> _Provided information_:
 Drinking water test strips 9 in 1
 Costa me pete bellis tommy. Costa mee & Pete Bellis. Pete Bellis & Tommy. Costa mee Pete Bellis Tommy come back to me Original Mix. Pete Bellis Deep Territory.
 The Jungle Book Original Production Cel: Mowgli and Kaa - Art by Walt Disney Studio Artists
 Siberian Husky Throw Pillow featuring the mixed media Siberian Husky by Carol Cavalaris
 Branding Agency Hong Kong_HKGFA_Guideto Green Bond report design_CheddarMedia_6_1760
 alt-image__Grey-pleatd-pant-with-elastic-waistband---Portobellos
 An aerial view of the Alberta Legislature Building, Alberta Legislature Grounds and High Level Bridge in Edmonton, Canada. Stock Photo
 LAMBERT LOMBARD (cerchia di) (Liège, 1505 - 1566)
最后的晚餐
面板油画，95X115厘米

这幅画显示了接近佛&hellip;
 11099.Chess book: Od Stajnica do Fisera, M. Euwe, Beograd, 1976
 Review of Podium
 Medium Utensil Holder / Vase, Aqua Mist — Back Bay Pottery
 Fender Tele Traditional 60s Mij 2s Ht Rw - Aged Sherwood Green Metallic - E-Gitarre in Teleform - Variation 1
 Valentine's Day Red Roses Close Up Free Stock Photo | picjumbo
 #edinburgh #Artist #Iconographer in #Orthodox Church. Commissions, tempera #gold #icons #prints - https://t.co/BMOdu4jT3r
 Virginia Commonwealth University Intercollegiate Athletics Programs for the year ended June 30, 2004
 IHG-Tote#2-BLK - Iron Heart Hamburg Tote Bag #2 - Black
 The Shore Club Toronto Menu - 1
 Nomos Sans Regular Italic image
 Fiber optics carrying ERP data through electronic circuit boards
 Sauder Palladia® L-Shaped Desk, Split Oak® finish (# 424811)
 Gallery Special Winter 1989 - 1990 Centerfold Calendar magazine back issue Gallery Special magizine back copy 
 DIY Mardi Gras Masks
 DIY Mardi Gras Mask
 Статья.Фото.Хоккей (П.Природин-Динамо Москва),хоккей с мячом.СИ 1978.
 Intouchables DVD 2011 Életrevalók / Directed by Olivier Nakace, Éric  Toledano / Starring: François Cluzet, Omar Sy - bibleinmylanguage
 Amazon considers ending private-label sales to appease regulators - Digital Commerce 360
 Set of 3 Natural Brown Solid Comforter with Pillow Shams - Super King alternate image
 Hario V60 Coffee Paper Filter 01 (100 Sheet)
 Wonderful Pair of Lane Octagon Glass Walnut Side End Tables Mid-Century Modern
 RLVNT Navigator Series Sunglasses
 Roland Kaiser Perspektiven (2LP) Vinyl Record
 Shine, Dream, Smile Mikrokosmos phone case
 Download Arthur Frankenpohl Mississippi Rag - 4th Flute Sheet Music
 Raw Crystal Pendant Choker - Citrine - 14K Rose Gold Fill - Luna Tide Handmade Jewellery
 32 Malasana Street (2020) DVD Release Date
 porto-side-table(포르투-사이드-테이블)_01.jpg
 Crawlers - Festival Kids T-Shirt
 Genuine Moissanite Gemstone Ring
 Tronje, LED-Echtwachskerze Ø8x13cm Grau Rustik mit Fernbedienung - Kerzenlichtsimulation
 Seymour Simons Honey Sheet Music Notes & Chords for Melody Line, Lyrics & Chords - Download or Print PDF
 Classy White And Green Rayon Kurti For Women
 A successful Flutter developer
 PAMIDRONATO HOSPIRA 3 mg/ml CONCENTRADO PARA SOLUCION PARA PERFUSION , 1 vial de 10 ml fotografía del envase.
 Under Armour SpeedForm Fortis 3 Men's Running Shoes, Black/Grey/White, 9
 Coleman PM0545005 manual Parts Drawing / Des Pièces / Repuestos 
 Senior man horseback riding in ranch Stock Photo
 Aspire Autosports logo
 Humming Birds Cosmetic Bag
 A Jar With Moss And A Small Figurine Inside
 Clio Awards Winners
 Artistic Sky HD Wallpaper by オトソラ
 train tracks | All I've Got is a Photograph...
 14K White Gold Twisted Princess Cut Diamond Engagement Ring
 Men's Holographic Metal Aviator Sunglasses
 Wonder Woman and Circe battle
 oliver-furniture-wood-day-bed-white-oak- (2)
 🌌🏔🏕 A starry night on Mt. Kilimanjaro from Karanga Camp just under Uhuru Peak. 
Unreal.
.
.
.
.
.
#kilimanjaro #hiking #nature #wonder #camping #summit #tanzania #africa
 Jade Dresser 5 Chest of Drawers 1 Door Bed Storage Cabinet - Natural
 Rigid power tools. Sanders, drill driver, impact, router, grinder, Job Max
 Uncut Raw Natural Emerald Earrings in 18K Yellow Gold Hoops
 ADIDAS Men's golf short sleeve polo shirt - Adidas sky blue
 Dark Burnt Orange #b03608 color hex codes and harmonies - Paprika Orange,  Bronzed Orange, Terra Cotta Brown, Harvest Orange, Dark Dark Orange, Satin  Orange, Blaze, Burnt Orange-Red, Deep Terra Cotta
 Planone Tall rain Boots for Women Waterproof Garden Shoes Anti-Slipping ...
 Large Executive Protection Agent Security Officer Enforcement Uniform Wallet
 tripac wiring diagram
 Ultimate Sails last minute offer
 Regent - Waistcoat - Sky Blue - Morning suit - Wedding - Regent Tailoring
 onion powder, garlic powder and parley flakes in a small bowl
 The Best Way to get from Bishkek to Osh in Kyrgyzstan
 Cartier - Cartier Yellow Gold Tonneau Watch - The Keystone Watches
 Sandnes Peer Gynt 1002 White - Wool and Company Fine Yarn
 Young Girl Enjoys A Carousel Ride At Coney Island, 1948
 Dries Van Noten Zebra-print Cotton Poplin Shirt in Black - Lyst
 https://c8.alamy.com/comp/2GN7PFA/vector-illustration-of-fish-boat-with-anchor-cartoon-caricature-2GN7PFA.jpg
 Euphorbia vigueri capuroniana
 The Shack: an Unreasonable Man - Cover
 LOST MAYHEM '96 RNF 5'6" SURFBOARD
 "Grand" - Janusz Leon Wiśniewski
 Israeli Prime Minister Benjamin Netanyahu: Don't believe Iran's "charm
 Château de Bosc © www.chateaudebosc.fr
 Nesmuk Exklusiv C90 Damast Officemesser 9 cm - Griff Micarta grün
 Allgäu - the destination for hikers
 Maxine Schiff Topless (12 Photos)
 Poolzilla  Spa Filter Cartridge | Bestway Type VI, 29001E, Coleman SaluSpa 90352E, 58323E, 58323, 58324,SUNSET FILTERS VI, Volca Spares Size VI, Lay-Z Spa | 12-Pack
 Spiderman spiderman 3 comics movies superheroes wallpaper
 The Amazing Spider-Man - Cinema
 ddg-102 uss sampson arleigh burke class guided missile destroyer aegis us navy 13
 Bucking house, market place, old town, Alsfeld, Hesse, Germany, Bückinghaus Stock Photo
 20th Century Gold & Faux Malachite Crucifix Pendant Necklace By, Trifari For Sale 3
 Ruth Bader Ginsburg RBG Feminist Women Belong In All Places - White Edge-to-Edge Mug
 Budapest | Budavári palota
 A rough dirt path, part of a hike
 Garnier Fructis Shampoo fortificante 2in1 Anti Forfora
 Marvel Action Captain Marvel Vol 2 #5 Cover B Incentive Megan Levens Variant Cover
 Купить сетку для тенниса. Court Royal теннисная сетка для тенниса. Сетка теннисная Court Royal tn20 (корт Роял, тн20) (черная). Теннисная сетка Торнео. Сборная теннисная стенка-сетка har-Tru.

> _Try it_: Make an exact copy of every entry.

> _Response_:
 Drinking water test strips 9 in 1
 Costa me pete bellis tommy. Costa mee & Pete Bellis. Pete Bellis & Tommy. Costa mee Pete Bellis Tommy come back to me Original Mix. Pete Bellis Deep Territory.
 The Jungle Book Original Production Cel: Mowgli and Kaa - Art by Walt Disney Studio Artists
 Siberian Husky Throw Pillow featuring the mixed media Siberian Husky by Carol Cavalaris
 Branding Agency Hong Kong_HKGFA_Guideto Green Bond report design_CheddarMedia_6_1760
 alt-image__Grey-pleatd-pant-with-elastic-waistband---Portobellos
 An aerial view of the Alberta Legislature Building, Alberta Legislature Grounds and High Level Bridge in Edmonton, Canada. Stock Photo
 LAMBERT LOMBARD (cerchia di) (Liège, 1505 - 1566)
最后的晚餐
面板油画，95X115厘米

这幅画显示了接近佛&hellip;
 11099.Chess book: Od Stajnica do Fisera, M. Euwe, Beograd, 1976
 Review of Podium
 Medium Utensil Holder / Vase, Aqua Mist — Back Bay Pottery
 Fender Tele Traditional 60s Mij 2s Ht Rw - Aged Sherwood Green Metallic - E-Gitarre in Teleform - Variation 1
 Valentine's Day Red Roses Close Up Free Stock Photo | picjumbo
 #edinburgh #Artist #Iconographer in #Orthodox Church. Commissions, tempera #gold #icons #prints - https://t.co/BMOdu4jT3r
 Virginia Commonwealth University Intercollegiate Athletics Programs for the year ended June 30, 2004
 IHG-Tote#2-BLK - Iron Heart Hamburg Tote Bag #2 - Black
 The Shore Club Toronto Menu - 1
 Nomos Sans Regular Italic image
 Fiber optics carrying ERP data through electronic circuit boards
 Sauder Palladia® L-Shaped Desk, Split Oak® finish (# 424811)
 Gallery Special Winter 1989 - 1990 Centerfold Calendar magazine back issue Gallery Special magizine back copy 
 DIY Mardi Gras Masks
 DIY Mardi Gras Mask
 Статья.Фото.Хоккей (П.Природин-Динамо Москва),хоккей с мячом.СИ 1978.
 Intouchables DVD 2011 Életrevalók / Directed by Olivier Nakace, Éric  Toledano / Starring: François Cluzet, Omar Sy - bibleinmylanguage
 Amazon considers ending private-label sales to appease regulators - Digital Commerce 360
 Set of 3 Natural Brown Solid Comforter with Pillow Shams - Super King alternate image
 Hario V60 Coffee Paper Filter 01 (100 Sheet)
 Wonderful Pair of Lane Octagon Glass Walnut Side End Tables Mid-Century Modern
 RLVNT Navigator Series Sunglasses
 Roland Kaiser Perspektiven (2LP) Vinyl Record
 Shine, Dream, Smile Mikrokosmos phone case
 Download Arthur Frankenpohl Mississippi Rag - 4th Flute Sheet Music
 Raw Crystal Pendant Choker - Citrine - 14K Rose Gold Fill - Luna Tide Handmade Jewellery
 32 Malasana Street (2020) DVD Release Date
 porto-side-table(포르투-사이드-테이블)_01.jpg
 Crawlers - Festival Kids T-Shirt
 Genuine Moissanite Gemstone Ring
 Tronje, LED-Echtwachskerze Ø8x13cm Grau Rustik mit Fernbedienung - Kerzenlichtsimulation
 Seymour Simons Honey Sheet Music Notes & Chords for Melody Line, Lyrics & Chords - Download or Print PDF
 Classy White And Green Rayon Kurti For Women
 A successful Flutter developer
 PAMIDRONATO HOSPIRA 3 mg/ml CONCENTRADO PARA SOLUCION PARA PERFUSION , 1 vial de 10 ml fotografía del envase.
 Under Armour SpeedForm Fortis 3 Men's Running Shoes, Black/Grey/White, 9
 Coleman PM0545005 manual Parts Drawing / Des Pièces / Repuestos 
 Senior man horseback riding in ranch Stock Photo
 Aspire Autosports logo
 Humming Birds Cosmetic Bag
 A Jar With Moss And A Small Figurine Inside
 Clio Awards Winners
 Artistic Sky HD Wallpaper by オトソラ
 train tracks | All I've Got is a Photograph...
 14K White Gold Twisted Princess Cut Diamond Engagement Ring
 Men's Holographic Metal Aviator Sunglasses
 Wonder Woman and Circe battle
 oliver-furniture-wood-day-bed-white-oak- (2)
 🌌🏔🏕 A starry night on Mt. Kilimanjaro from Karanga Camp just under Uhuru Peak. 
Unreal.
.
.
.
.
.
#kilimanjaro #hiking #nature #wonder #camping #summit #tanzania #africa
 Jade Dresser 5 Chest of Drawers 1 Door Bed Storage Cabinet - Natural
 Rigid power tools. Sanders, drill driver, impact, router, grinder, Job Max
 Uncut Raw Natural Emerald Earrings in 18K Yellow Gold Hoops
 ADIDAS Men's golf short sleeve polo shirt - Adidas sky blue
 Dark Burnt Orange #b03608 color hex codes and harmonies - Paprika Orange,  Bronzed Orange, Terra Cotta Brown, Harvest Orange, Dark Dark Orange, Satin  Orange, Blaze, Burnt Orange-Red, Deep Terra Cotta
 Planone Tall rain Boots for Women Waterproof Garden Shoes Anti-Slipping ...
 Large Executive Protection Agent Security Officer Enforcement Uniform Wallet
 tripac wiring diagram
 Ultimate Sails last minute offer
 Regent - Waistcoat - Sky Blue - Morning suit - Wedding - Regent Tailoring
 onion powder, garlic powder and parley flakes in a small bowl
 The Best Way to get from Bishkek to Osh in Kyrgyzstan
 Cartier - Cartier Yellow Gold Tonneau Watch - The Keystone Watches
 Sandnes Peer Gynt 1002 White - Wool and Company Fine Yarn
 Young Girl Enjoys A Carousel Ride At Coney Island, 1948
 Dries Van Noten Zebra-print Cotton Poplin Shirt in Black - Lyst
 https://c8.alamy.com/comp/2GN7PFA/vector-illustration-of-fish-boat-with-anchor-cartoon-caricature-2GN7PFA.jpg
 Euphorbia vigueri capuroniana
 The Shack: an Unreasonable Man - Cover
 LOST MAYHEM '96 RNF 5'6" SURFBOARD
 "Grand" - Janusz Leon Wiśniewski
 Israeli Prime Minister Benjamin Netanyahu: Don't believe Iran's "charm
 Château de Bosc © www.chateaudebosc.fr
 Nesmuk Exklusiv C90 Damast Officemesser 9 cm - Griff Micarta grün
 Allgäu - the destination for hikers
 Maxine Schiff Topless (12 Photos)
 Poolzilla  Spa Filter Cartridge | Bestway Type VI, 29001E, Coleman SaluSpa 90352E, 58323E, 58323, 58324,SUNSET FILTERS VI, Volca Spares Size VI, Lay-Z Spa | 12-Pack
 Spiderman spiderman 3 comics movies superheroes wallpaper
 The Amazing Spider-Man - Cinema
 ddg-102 uss sampson arleigh burke class guided missile destroyer aegis us navy 13
 Bucking house, market place, old town, Alsfeld, Hesse, Germany, Bückinghaus Stock Photo
 20th Century Gold & Faux Malachite Crucifix Pendant Necklace By, Trifari For Sale 3
 Ruth Bader Ginsburg RBG Feminist Women Belong In All Places - White Edge-to-Edge Mug
 Budapest | Budavári palota
 A rough dirt path, part of a hike
 Garnier Fructis Shampoo fortificante 2in1 Anti Forfora
 Marvel Action Captain Marvel Vol 2 #5 Cover B Incentive Megan Levens Variant Cover
 Купить сетку для тенниса. Court Royal теннисная сетка для тенниса. Сетка теннисная Court Royal tn20 (корт Роял, тн20) (черная). Теннисная сетка Торнео. Сборная теннисная стенка-сетка har-Tru.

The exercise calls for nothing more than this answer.